I sent a summary of the above to Edi Weitz, author of CL-GD (and many other great libraries!), and he suggested that I send a patch, after more testing -- unfortunately, CL-GD failed a couple of tests in the test suite and I don't have time to dig around right now. Maybe a little later...

CFFI-Grovel Rocks!

This weekend, I was working on CL-MPI, my Common Lisp bindings for MPI, a standard message passing interface which allows distributed memory parallel programming based on message passing.I had previously developed and tested CL-MPI with MPICH1.2, and I wanted to see how it worked with the latest version of MPICH2. Since the bindings are implemented with CFFI, I didn't expect any problems. However, the test suite started behaving in a very bizarre manner, crashing on some tests and freezing on others. I was stumped for a while, but the the investigation was an eye-opener: I needed to use a struct defined as follows in MPICH 1.2
typedef struct {
 int count;
 int MPI_SOURCE;
 int MPI_TAG;
 int MPI_ERROR;
#if (MPI_STATUS_SIZE > 4)
 int extra[MPI_STATUS_SIZE - 4];
#endif
} MPI_Status;
so I had declared the foreign struct in my binding source (line 65):
(cffi:defcstruct MPI_Status
 (count :int)
 (MPI_SOURCE :int)
 (MPI_TAG :int)
 (MPI_ERROR :int))
This basically specifies that MPI_Status is a C struct with int slots, and says that the first 4 bytes (int) of the struct is the count field, the next int is the MPI_SOURCE, and so on. Basically a straightforward translation of the C struct definition. This worked great -- until I tried to use the bindings with MPICH2. Running the CL-MPI test suite resulted in mysterious crashes and freezes -- not a happy transition to from MPICH to MPICH2! After thrashing around trying to isolate the problem, it turns out that in MPICH2, the MPI_Status struct definition had been changed to:
typedef struct MPI_Status {
   int count;
   int cancelled;
   int MPI_SOURCE;
   int MPI_TAG;
   int MPI_ERROR;
  
} MPI_Status;
Oops! No wonder everything got messed up -- Note the new 'cancelled' field inserted after the count field. The fields of the struct no longer aligned with the defcstruct defintion above!

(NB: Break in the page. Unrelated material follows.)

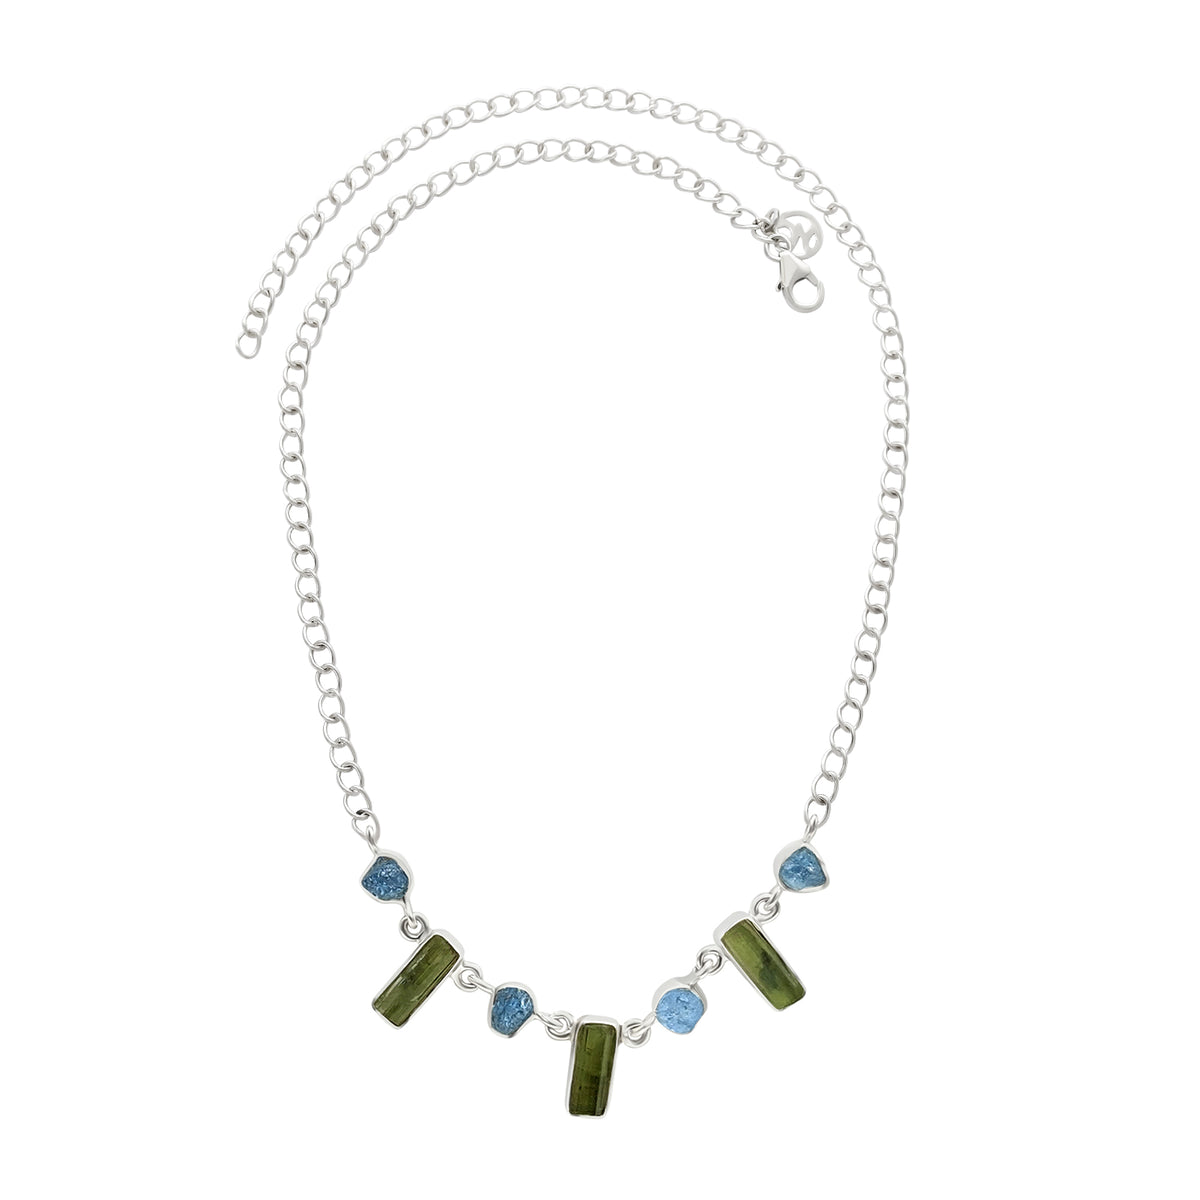 Designer Tourmaline Necklace Studded With Aquamarine Pack of 1 (D107-5)

OK, so what to do? I could create two different versions of the defcstruct, one which works with MPICH1.2 and the other for MPICH, and then use conditional compilation (e.g., #+MPICH1 #+MPICH2...). The problem with that solution is that if the C definition of MPI_Status changes yet again in a future MPICH release, then we are back to square one.

In this case, the solution is to not directly use the defcstruct to create a foreign struct definition. Instead, CFFI-Grovel can be used to automagically generate the correct defcstruct. This is the file I created to use CFFI-Grovel for CL-MPI. Here (Line 47), I add the CFFI-Grovel declaration:

(cstruct MPI_Status "MPI_Status"
 (count "count" :type :int)
 (MPI_SOURCE "MPI_SOURCE" :type :int)
 (MPI_TAG "MPI_TAG" :type :int)
 (MPI_ERROR "MPI_ERROR" :type :int))
This states that I want to use a foreign (C) struct named "MPI_Status", giving it the Lisp name MPI_Status, and that I am interested in 4 integer fields: count, MPI_SOURCE, MPI_TAG, MPI_ERROR. This declaration does not specify anything about the ordering of the slots in the C struct. It also does not say anything about the completeness of this mapping. In other words, the C MPI_Status struct can contain other fields which are not mentioned in this CFFI-grovel cstruct definition. In contrast, the original CFFI defcstruct used above is a more concrete declaration, which completely specifies the memory layout of the C struct we are mapping. The CFFI-Grovel based code does the right thing for both MPICH1.X and the latest MPICH2, and if future versions of MPICH2 change the MPI_Status struct definition by chaning field order or adding fields, no problem. Lesson learned: before directly declaring a foreign object with CFFI, consider whether CFFI-Grovel might be more appropriate. Using CFFI-Grovel is more robust to changes in the library to which we're binding, and if I had done this to begin with, it would have saved me several hours of painful debugging.

Wednesday, May 27, 2009

(format blog-stream "hello world")

This blog will focus on Lisp programming. I'm mostly using Common Lisp for my AI and algorithms research, so entries will be related to issues I run into while I use Lisp for work. Hopefully, these will be useful for others interested in using Lisp for algorithmic research.